NZPA-Reuter Beirut All the Christians and Druse Muslims captured during fighting in the Chouf Mountains last September were killed, the Druse leader, Walid Jumblatt, said yesterday. About 3000 people have been reported missing by militia leaders in the last two years of factional fighting. Mr Jumblatt said that he had no information about those who had disappeared in Beirut. “As for the mountain, unfortunately they are all dead ... be it Druse or Christians. The war in the mountain was a merciless war,” he said. Mr Jumblatt, Minister of Transport and Public Works in Lebanon’s “national unity” Government, was speaking after the Cabinet had agreed to free hostages taken by rival Christian and

Muslim militias, but failed to' set a date for their release. After a three-hour Cabinet session the Prime Minister, Mr Rashid Karami, said that the hostages would be

freed "as soon as possible,” but left open the possibility that militias might continue to hold some prisoners. The new scheme authorises a committee of Ministers, Army officers; and security officials to investigate the numbers of hostages being kept and to publish lists of missing persons believed to have been abducted by militias. “This programme provides for releasing them all,” Mr Karami said. But if some hostages were still detained efforts would continue to gain their eventual release. About 250 relatives have held a sit-in at the office of a Sunni Muslim religious leader since suspending street protests on Tuesday after the President, Mr Amin Gemayel, promised to give the hostage issue priority at yesterday’s Cabinet meeting.

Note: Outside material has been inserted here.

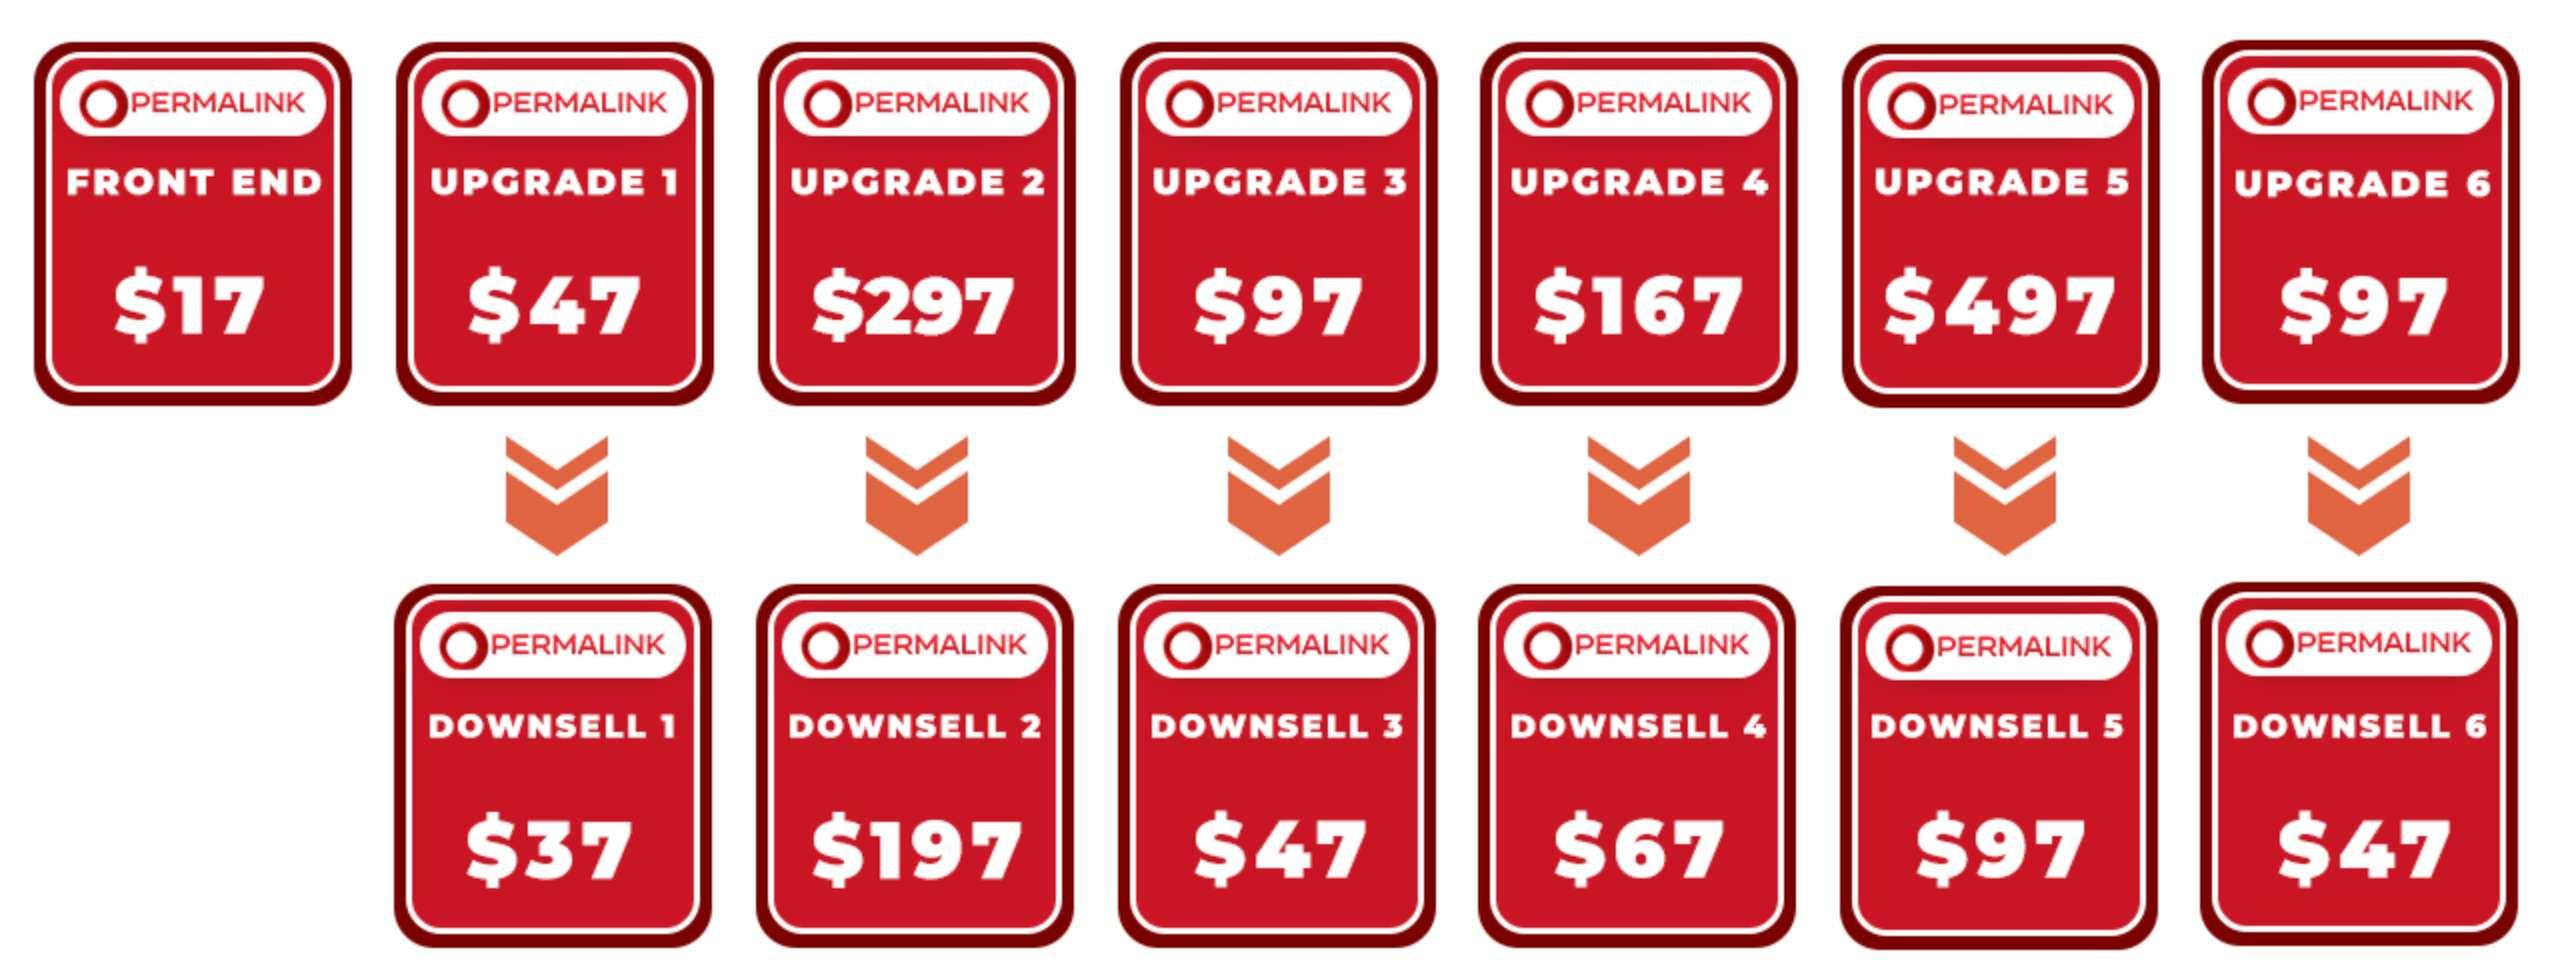 PermaLink Review: Pricing & Upsells

As Mr Karami’s statement was read out, one of the relatives shouted, “This is lies. Back to the museum.” Some protesters then briefly cut the “museum crossing,” one of four east-west crossingpoints they had blocked over the week-end.

Protesters occupied a television station for 35 minutes yesterday and left only after they had broadcast their demands.

The relatives, who had earlier blocked access roads to the airport and port, demand the release of all hostages and information about those who have disappeared.

Mr Karami said that the Cabinet still had not considered a plan to disengage combatants in the mountains above Beirut, although the security plan for Beirut was “proceeding normally.”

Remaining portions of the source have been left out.